Fighting the Tangorrista

“I am, uh, shy, but I am, uh…willing.”
–Pepé Le Pew
Buenos Aires, October 24
It has been a week of Tango lessons. We meet at six in a small studio for an hour lesson. It is about a thirty minute walk from my Spanish school. It is good to take the walk because it clears my head after struggling through a one-on-one Spanish lesson for two hours.
We have a cute and small young profesora, Guadalupe, who teaches the class with great confidence. Coincidently, she will be performing in the same tango show I described in my recent post “Watching The Tango”. There is a lot to learn and a lot to remember, the basic seven-step box–or is it eight?– the backwards and forwards Ocho, the “sandwich,” the “rebound”, and there is simply walking.
“You must walk with confidence and lead the woman with a soft, yet firm EM-brace,” Guadalupe says, putting the emphasis on the first syllable, and when I dance with her it seems much easier. There is a woman from Winston-Salem who is on an extended holiday with her husband, and I find it quite easy and natural to do the steps with her as well. There is a young woman from Sweden who is quite nice but she is very large and clumsy in her high-heeled Tango shoes, and either I don’t lead well or she has trouble following me, because she often gets a little off balance and because she is on the big side, begins to topple over. There is a tall young woman from Aspen who obviously hates having me as a partner (we switch every song) and then there is Francie, a tall woman, a little bit on the big side, dressed in black with rose tattoos crawling up her legs. She has ice blue eyes and she particularly hates dancing with me. There is an Swiss man named Emilio who is at her level and she expects to dance with him and him alone.
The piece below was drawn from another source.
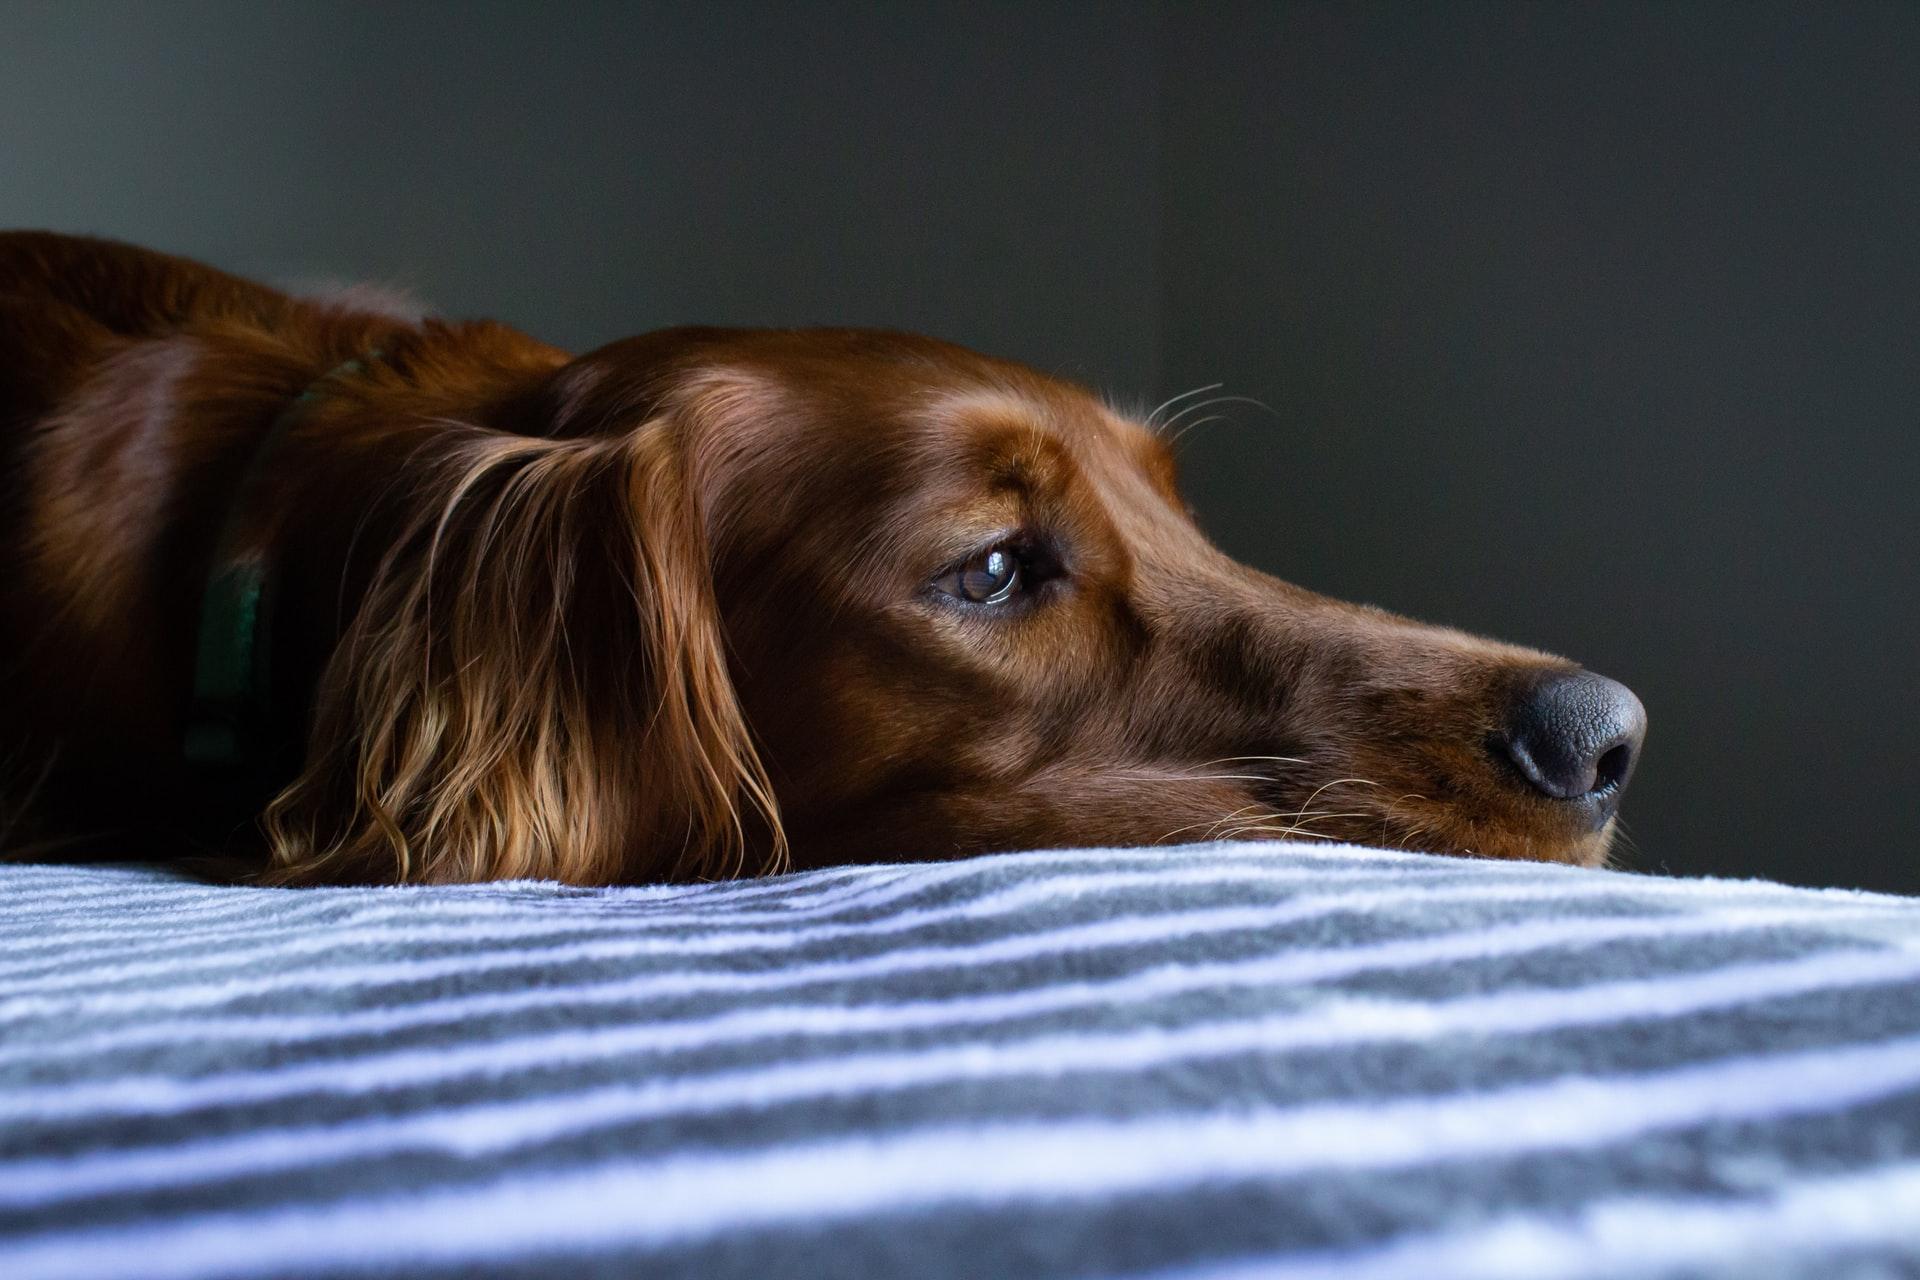 dolor en los perros- detectar cuando un perro sufre en silencio

On my second day of my lessons, she announced “Emilio better come today, because I am not doing box steps all day.” She could see that I was taken aback and she focused on me and said: “Well, I paid for this after all.” I do not usually come back with a quick retort, as in “you didn’t pay for a private lesson,” and I wasn’t clever at that moment, either.
I avoided her the entire lesson and danced with Winston-Salem, Sweden, and Guadalupe that day. From then on, I dubbed her “Tangorrista:” n.f.: a woman who only dances the angry Tango. I am thankful that she has now taken her last class.
From now on, I pledge to fight the Tangorristas here so that we never have to fight the Tangorristas back home.
El Día de Mamá
Buenos Aires, October 24
It is hard to get used to the fact that it is spring and not autumn in Buenos Aires. When I arrived, Bs As was one hour ahead of Eastern U. S. time. Sunday, the country did its “spring forward” to Daylight time, so now we’re two hours ahead. When the U. S. “falls back” early next month, we’ll be three hours ahead.
Sunday, October 19th was also “El Diá de Mamá”– Mother’s Day. It was one more reminder of how I’ve inverted my world. I called my mother and wished her a “Feliz Diá de Mamá.” My mother’s an elegant and wise woman and a barricuda on the Scrabble board. Scrabble is a game we play nearly every day and it is one part of the day that is missing, and that I miss, in Bs As. I would write more about my mother, but as she said to me earlier in the week: “How can you be a Man of Mystery when you tell everyone everything?”
Yesterday afternoon, I was walking near my apartment and I noticed a very young woman, probably still a teenager, huddled in a doorway, holding what appeared to be a newborn infant wrapped in a blanket. The baby had a lot of black hair, as some newborns do.
Later in the evening, I passed a policeman standing on the sidewalk on the same block as the doorway. He was cradling what I thought to be the same baby in his arms. He held it tighter and kissed it on the head. I am not sure what happened to the baby’s mother.